Spring asks for makeup of softness!

Rain is ticking on the windows with big drops, and it's even storming outside! There's no sign of spring to be found, whatsoever, even though it officially arrived and DST set in. Did you remember to adjust the clock forward one hour? 

It's been raining for days now, and yesterday I had a high tea and shopping spree to attend with 7 gorgeous, vintage loving women in our capital city Amsterdam; I was all dolled up with curls, but to no avail: my locks went all scarecrow-chic. We promised eachother to plan another date when better weather arrived.

But even though the weather resembles autumn more than it does spring, I was looking for some spring make up tips to apply in my daily make-up routine, and I found a helpful article, dating back to 1935, that I wanted to share with you! Here we go!

Spring asks for makeup of softness

Soft make-up seems to be such an integral part of spring and summer beauty that we dislike seeing anyone wearing harsh or bold rouge or powder effects. This is particularly true of the blonde. In the winter, and especially for formal functions a little more pronounced make-up gets by the sensors. But not in the spring. With the lovely pastels and prints, soft make-up tones are really alluring.

Remember this: Nature blends her colors more deftly and cleverly than a schooled interior decorator or couturier. With golden blonde hair she usually combines a fair, fine skin, light eyes. The pigment combinations are mostly pinks and yellows, and these blend together so subtly that there is never a definite dividing line. The lips are just a little redder than the cheeks, the cheeks a bit pinker than the nose, chin and forehead.

Follow nature's lead.
Those who know their make-up follow nature's lead. To preserve the natural color harmony soft tints of rouge and powder should be used, and these blended so carefully that they merge together. Rouge should be a bit deeper where nature's color is usually deepest, usually near the cheekbone and under the center of each eye. That's what we call the key area. Then it should gradually fade away until the edges are absolutely imperceptible.

Creamy or peach shades of powder are usually best for the blonde. And soft, clear, pinkish or reddish shades of rouge and lipstich with yellowish overtones, not the purple or blue tones that are usually becoming to brunettes or older women.

Eye Make-Up
Blondes should be particularly careful in their choice of eye make-up. Eye shadow should harmonize with the color of the eyes. Mascara or eyebrow pencil should be dark brown in preference to black. Because black has a way of making a blonde look haggard and adds the same harsh, artificial effect as too much rouge or a too deep rouge or powder. The men have a way of judging a woman by her make-up. And sometimes on the first impression they will conclude "fine type, lovely, and charming" merely because of subdued and skillfully blended rouge, powder, lipstick and eye coloring. On the other hand they have a way of applying the word "cheap" to blondes who use too much make-up and thus achieve a hard, bold appearance.

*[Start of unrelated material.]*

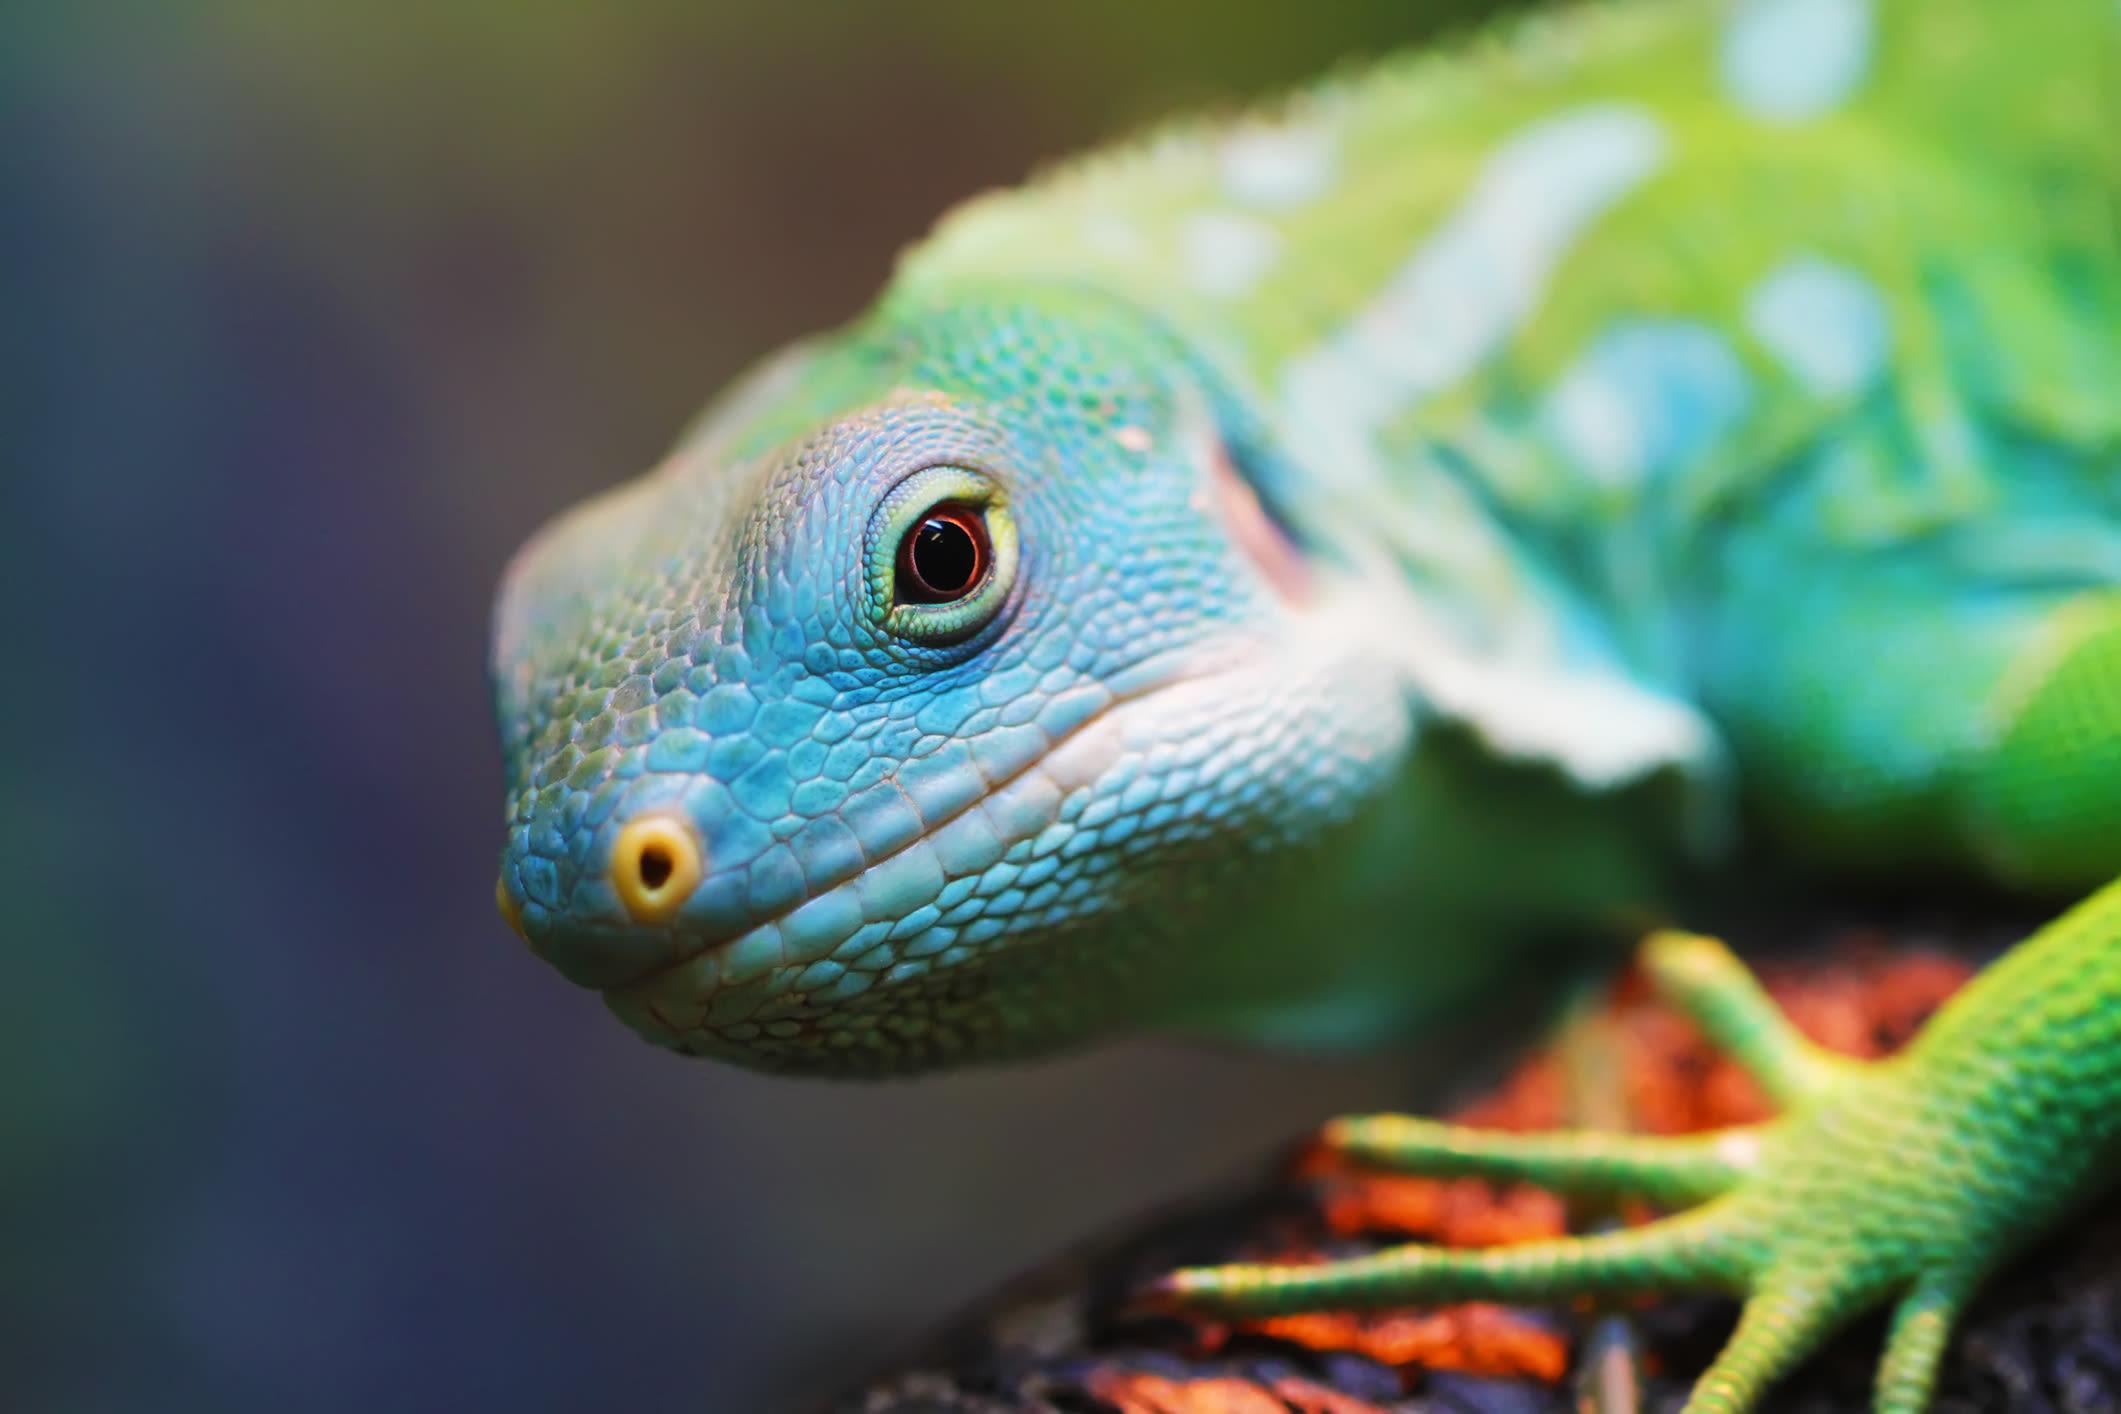 Exotic reptile at Black Forest Veterinary Clinic in Colorado Springs, Colorado

© Elsie Pierce for The Spokesman Review, 1935


  1. such a pretty post. i'm sorry that spring has not been treating you kind thus far, but brighter days will come. it's been practically impossible to keep a set here, not because of rain, but of the terrible, tireless wind! i was just looking for some new makeup hints, so perfect timing!

    1. Thank you so much! It was really storming the past three days, and I kind of love it but am craving a bit of sun aswell! Glas you liked the post!

  2. Lovely post, sweet gal. I completely agree and enjoy switching from darker tones to gentle pinks and corals (selectively - coral make-up and my colouring can be tricky) interspersed with my usual reds as soon as the first bloom of spring appear.

    Have a beautiful Easter week!
    ♥ Jessica

    1. Thank you lots, Jessica! I wish you the same, I hope you have a beautiful easter week aswell!